Here they are, in chronological order:
Calculating PageRank for sublinear time . Christian Borgs, Michael Brautbar, Jennifer Chayes, and Shang-Hua Teng. arXiv: 1202.2771 and WAW 2012 (9th Workshop on Algorithms and Models for the Web Graph). This algorithm is not much faster than a linear one (it allows you to find all pages whose pagerank is larger than Delta beyond O (n / Delta)), but it seems interesting to me to be able to prove such estimates in a natural model of calculations for page graphs linked by hyperlinks.

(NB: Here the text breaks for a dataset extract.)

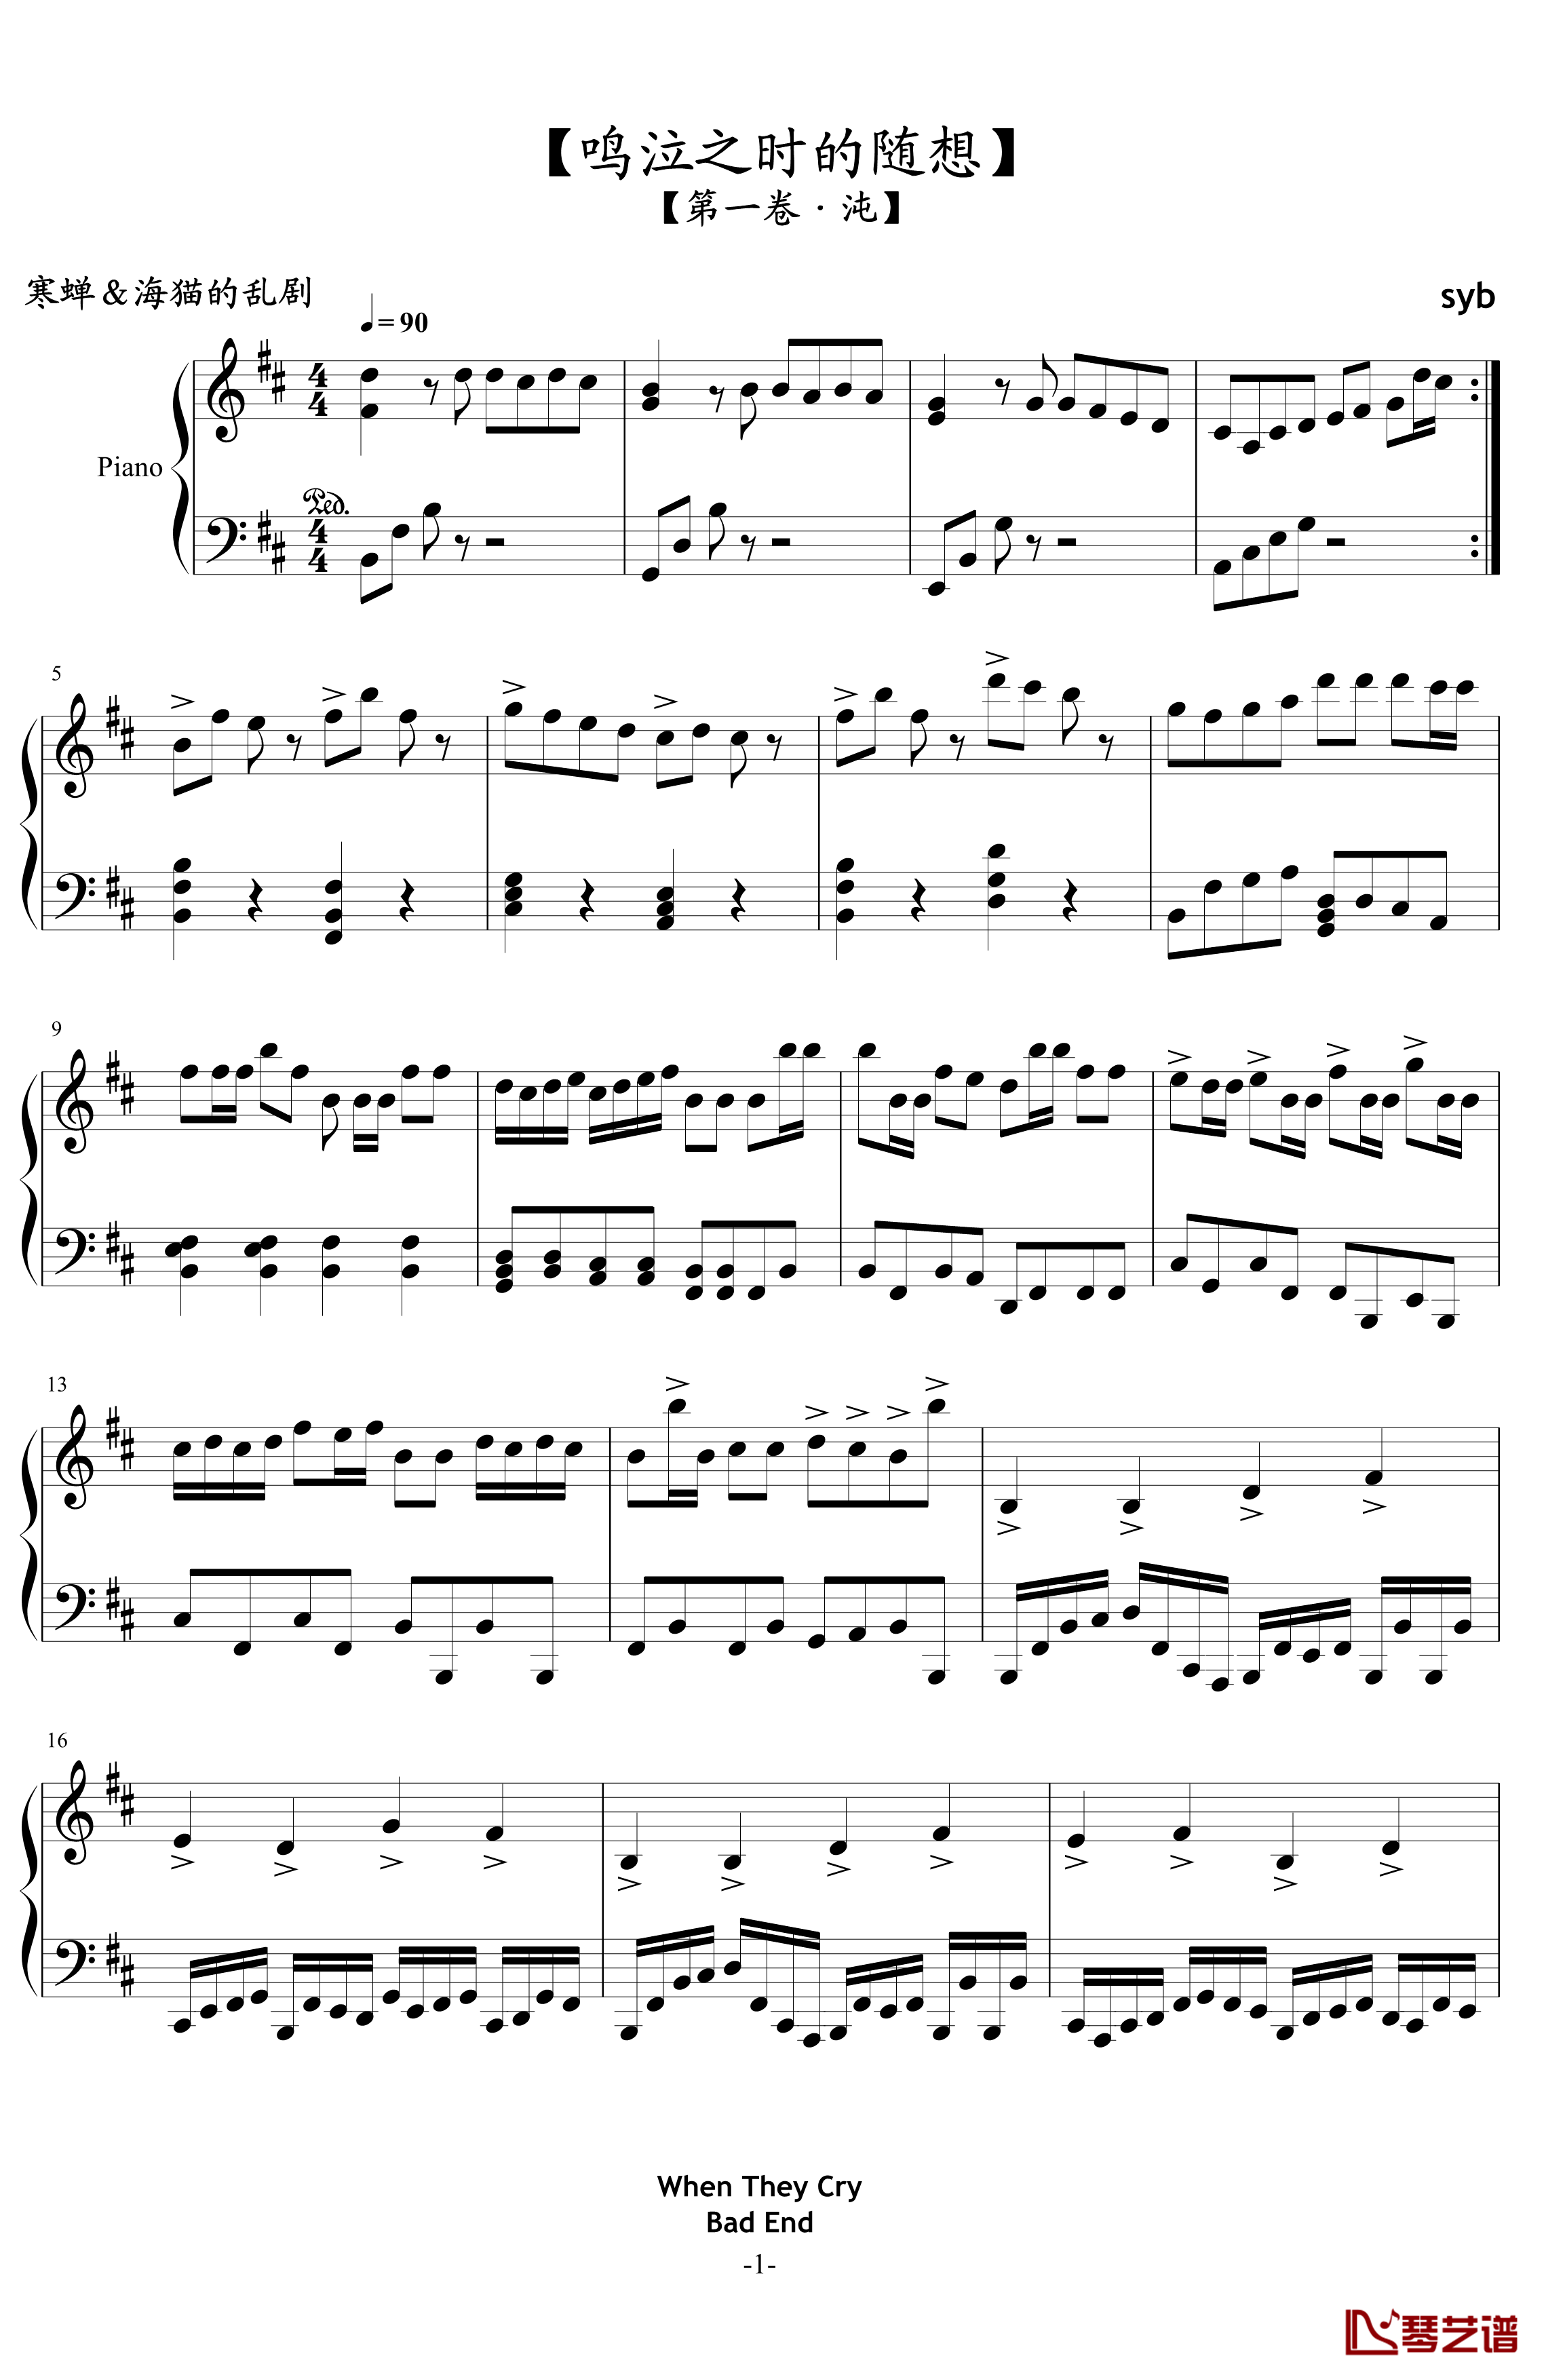 鸣泣之时的随想钢琴谱-syb1

Finding the “most dishonest” coin for the least amount of flips. Karthekeyan Chandrasekaran and Richard Karp , arXiv: 1202.3639 . The problem solved in this article is very fundamental, and the result is an optimal solution, instead of the previously known approximations, up to a constant coefficient.
Fast universal algorithm for hashing strings. Owen Kaser and Daniel Lemire, arXiv: 1202.4961. An algorithm for hashing strings that uses 0.2 clock cycles of processor time to process one byte and at the same time has theoretically guaranteed characteristics.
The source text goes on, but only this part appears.